Basic Psychiatry Psychotherapy Training

Comments and Suggestions

Dr Jeffrey Streimer, Dr Loyola McLean & Joanne Shaw

(The views expressed in this brief overview are entirely those of the authors and do not represent the official position of the RANZCP or other Training organisations. The authors acknowledge the NSWIoP for permission to circulate this information.)

Introduction:

Basic Training in Psychiatry includes many explicit and implicit psychotherapy elements. We suggest that these elements should now be brought together and integrated to keep up with similar developments internationally. The following is an overview of the current situation with some suggestions for the future.

Background:

Psychotherapy is a central plank in the training of Psychiatrists. Psychotherapeutic skills and knowledge are a core part of psychiatric practice and not just the preserve of specialist psychotherapists (Guidelines for Psychotherapy Training as part of General Professional Psychiatric Training: Royal College of Psychiatrists, 2001).

The basic function of psychotherapy training is five-fold:

It provides:

  1. Essential training in communication and alliance building skill as well as actual technical skills applicable in all fields of Psychiatry (Gabbard, 2007).
    1. The theoretical framework for psychotherapeutic treatment
    2. Experience in treating individual patients with psychotherapy as the primary treatment
    3. Key understanding of ‘Systems’ work with dyads, families and groups  to deliver  integrated (bio-psycho-social) management plans

  1. The essential experience of developing reflective psychiatric practice

Psychiatric training has lagged behind in the last generation, an age called ‘mindless’, because of the overemphasis on biological approaches at the cost of training in psychotherapy (Gabbard 2007).
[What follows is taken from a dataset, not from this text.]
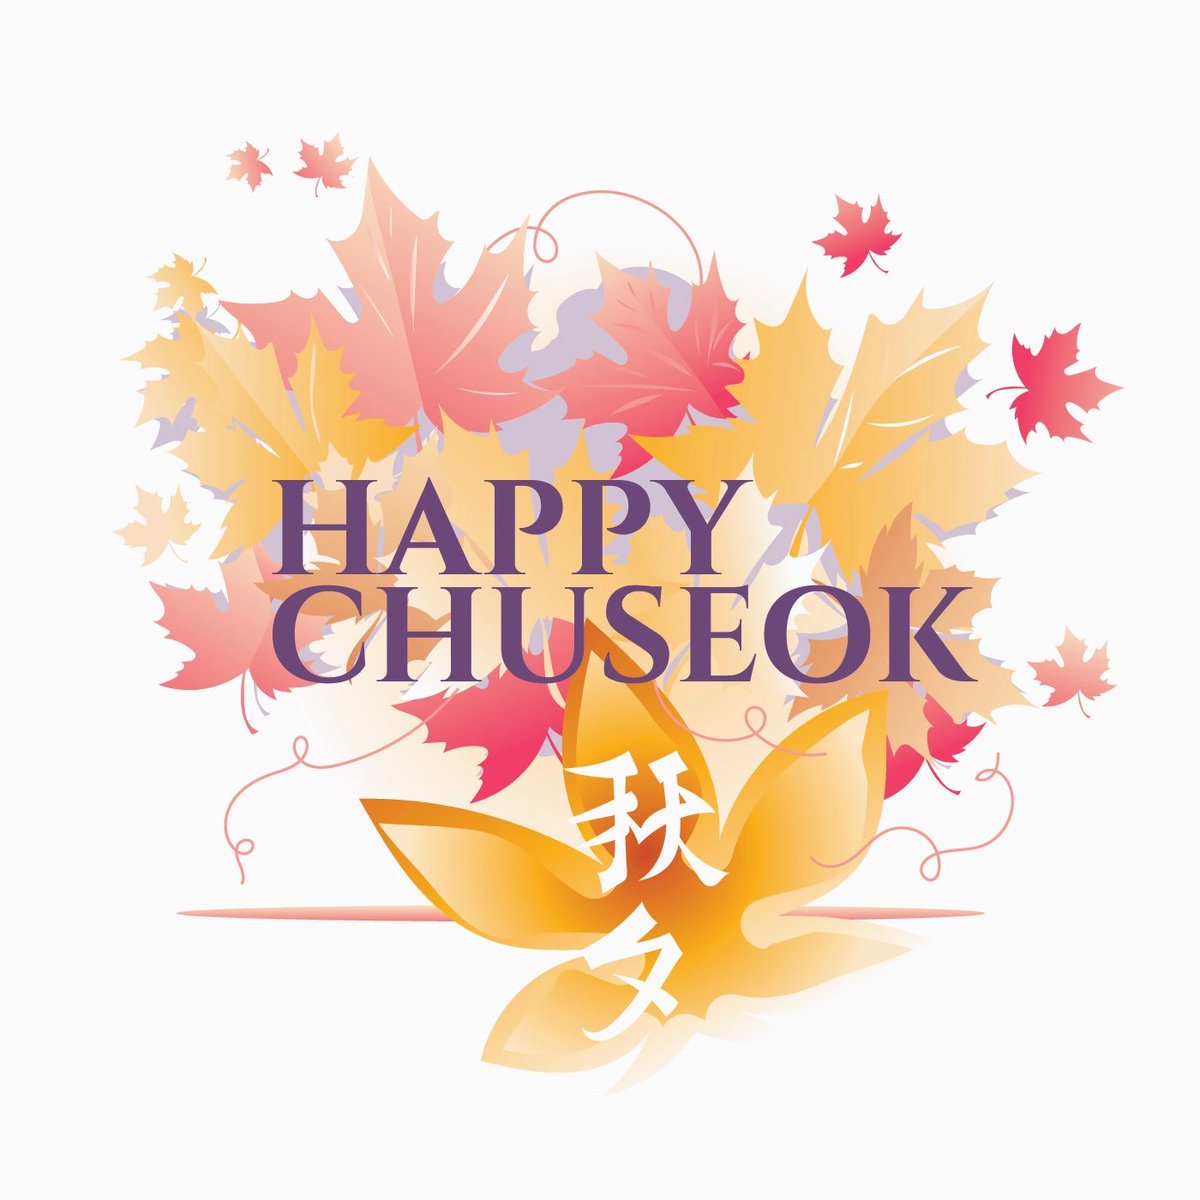 Happy Chuseok everyone! May the new year bring you happiness and fortune. 🫶 #CHUSEOK #KoreanThanksgivingDay #CryptoFamily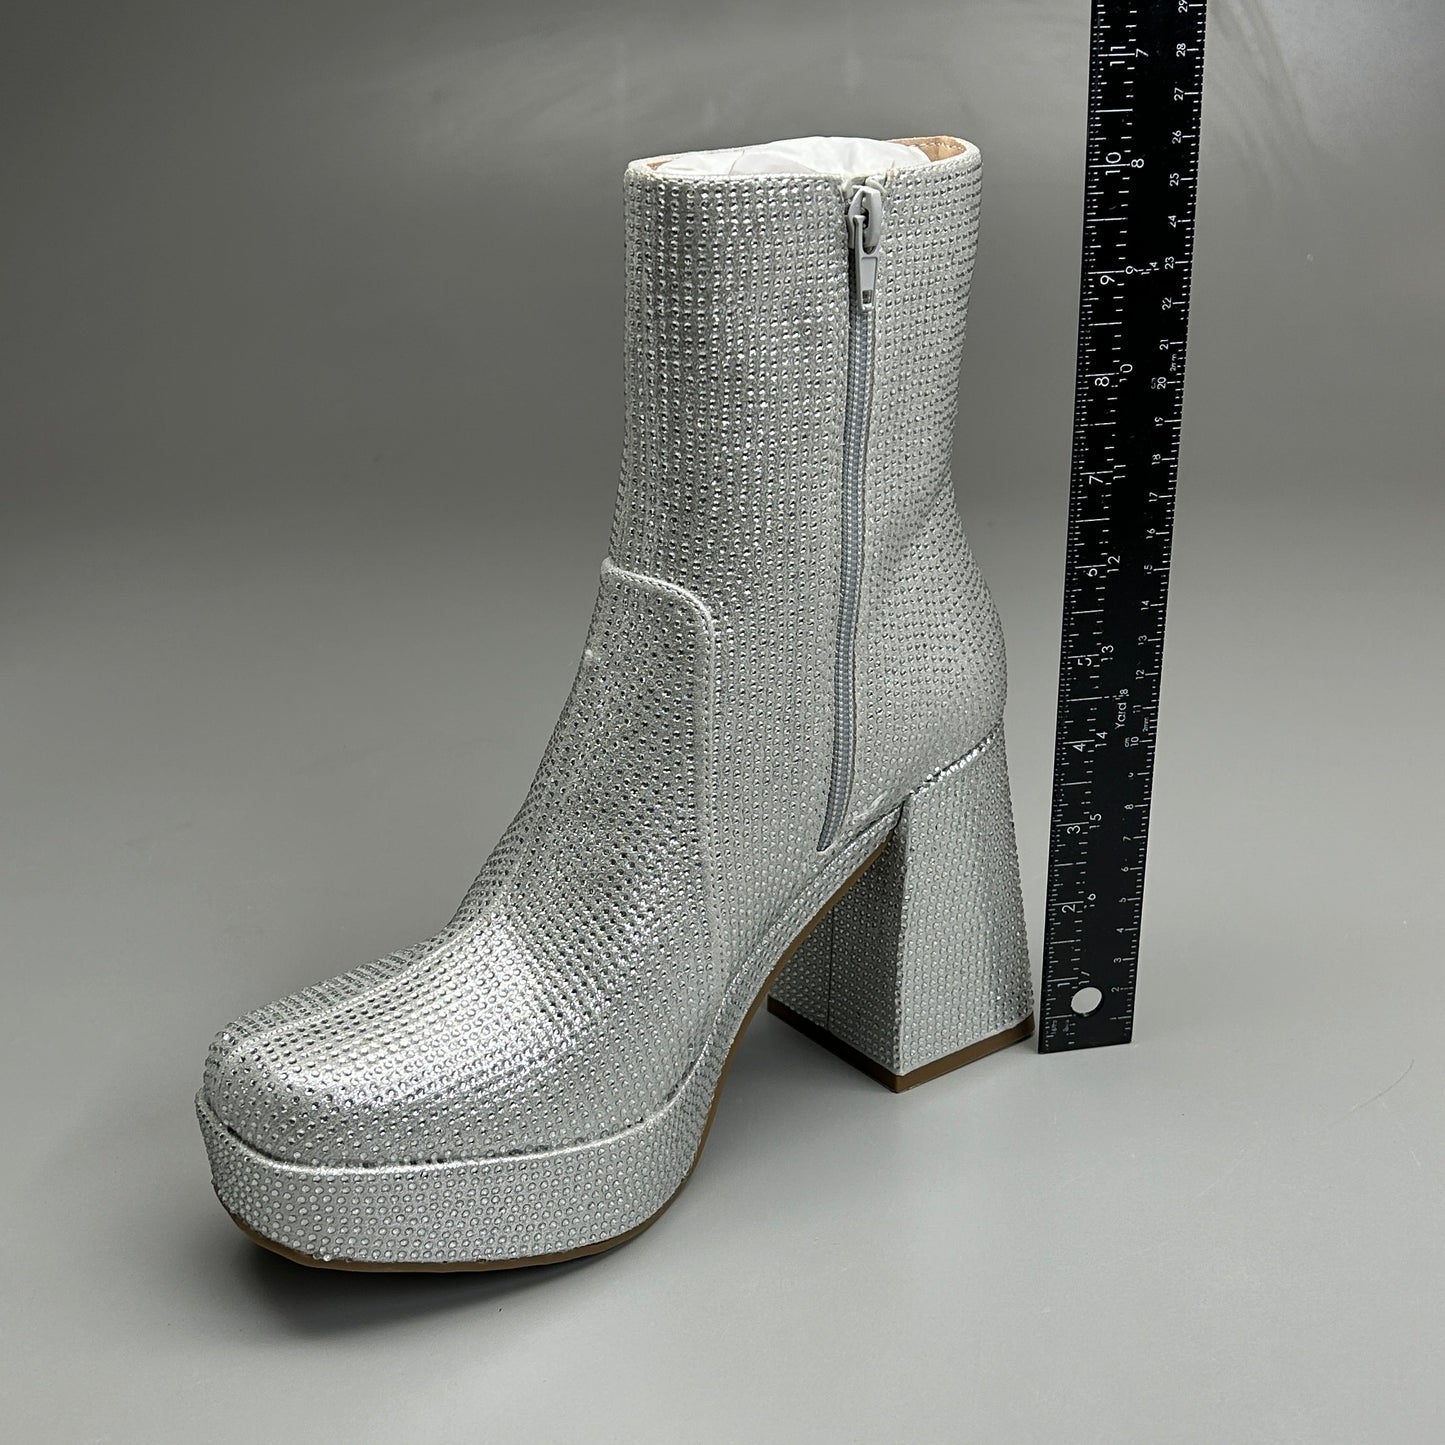 MIA Iva Silver Stone Heeled Boots Women's Sz 8.5 Silver GS1253108 (New)

Psychotherapy Training Overview

  • Provision of high quality psychotherapy training to Psychiatry registrars during basic training is crucial. The Royal Australian and New Zealand College of Psychiatrists (RANZCP) requires every registrar to undertake theoretical learning and skills training in psychotherapy (Regulations 5.11 and 8.10).

  • Traditionally regarded as a central part of the psychiatrists’ role, training in psychotherapy skills requires support. Psychiatry graduates need psychotherapy skills to complete their understanding of the biopsychosocial model of healthcare, as the context of life events and relationships which have meaning to the patients (Mellman and Beresin 2003). Some of the forces that have adversely affected these skills are addressed in recent reviews (Lieberman and Rush 1996; Plankun 2006).
  • Locally, recent COAG reforms have recognised the centrality of psychotherapy skills. There is a growing research evidence base for both the therapeutic and cost effectiveness of psychotherapy treatments (for example Vos, Corry et al. 2005, Stephenson & Meares 1999, Leichsenring 2005, Shedler  2010).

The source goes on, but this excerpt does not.